Simiaoa sunii

Scientific classification
- Domain: Bacteria
- Kingdom: Bacillati
- Phylum: Bacillota
- Class: Clostridia
- Order: Eubacteriales
- Family: Lachnospiraceae
- Genus: Simiaoa
- Species: S. sunii
- Binomial name: Simiaoa sunii Liu et al. 2021

= Simiaoa sunii =

- Genus: Simiaoa
- Species: sunii
- Authority: Liu et al. 2021

Species of the bacteria

Simiaoa sunii is a rod shaped bacterium that is non-mobile and is found in the gut of humans. This species was first discovered in 2021 in a study to create a Gut Microbiome Biobank. It was discovered in fecal samples from 239 healthy Chinese volunteers. The species was named after the historical Chinese medical scientist Sun Simiao (Tang dynasty, 618–907).

== Taxonomy, morphology and physiology   ==
The structure of the species is made up of 160 amino acids, has been 3D modelled and the species' DNA has been sequenced. This species was grown in MGAM medium for 2–10 days at 37 °C, pH 7.0–7.5.

== Mitochondrial base editing   ==
Mitochondrial base editing tools can be used to alter the function of genes by mutating a targeted DNA sequence.
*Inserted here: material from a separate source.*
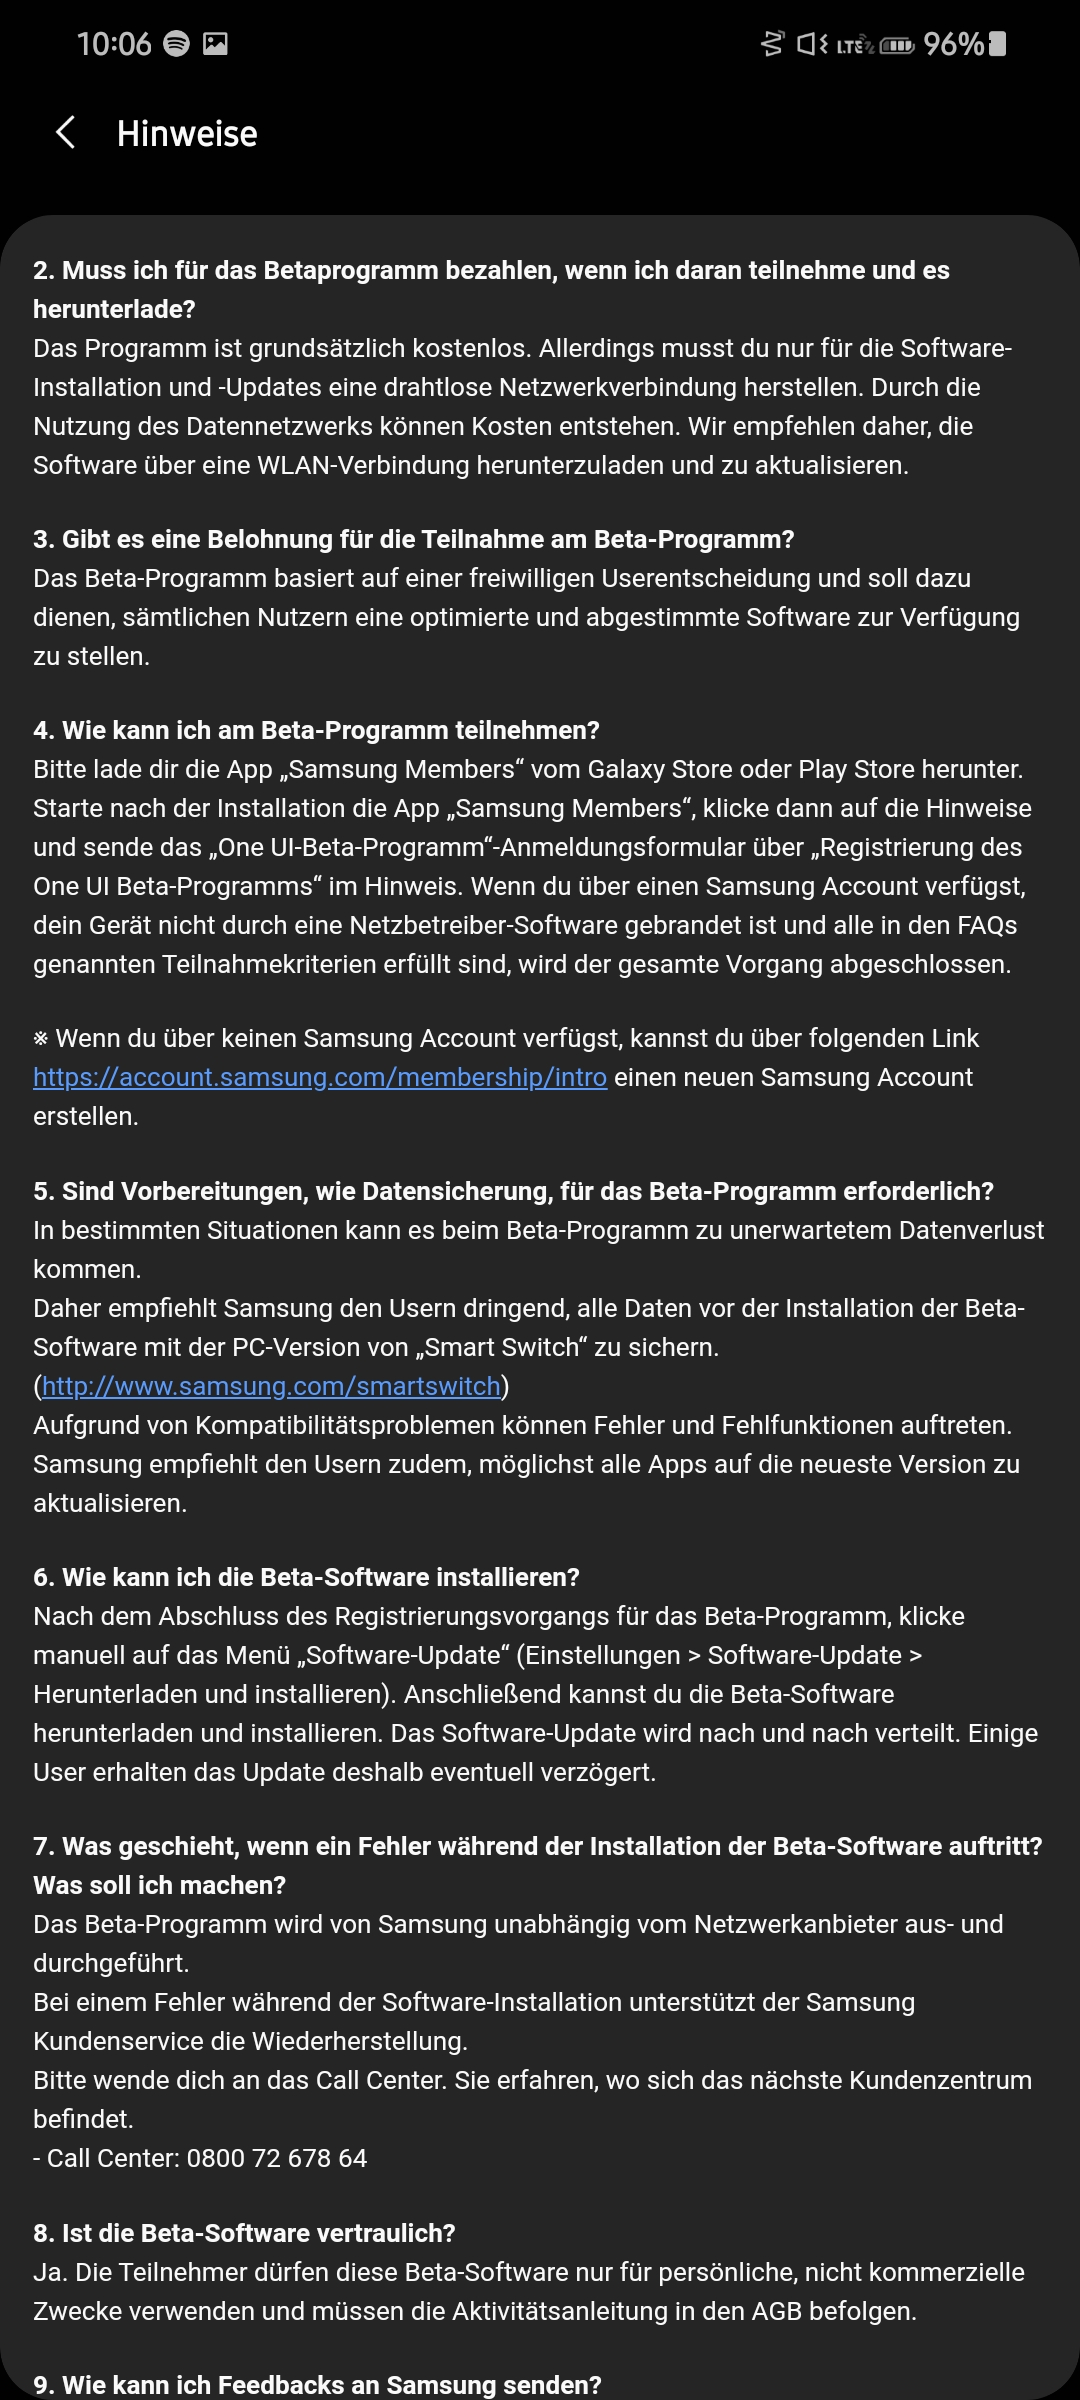 Начато открытое тестирование One UI 3 на Samsung Galaxy S20 Samsung  - samsung_nachala_otkrytoe_testirovanie_one_ui_3_na_galaxy_s20_s_exynos_2

Where methods to do this, such as CRISPR, are unable to be used alternative methods have been investigated. Researchers at Wang Yaming Laboratory at Pekings University College of the Future identified a DddA homolog (Ddd_Ss) from S. sunii and was used to develop a method to mutate mtDNA loci. With a further single alteration of the amino acids of Ddd_Ss, the activity and sequence compatibility of homologs from Burkholderia cenocepacia were also improved.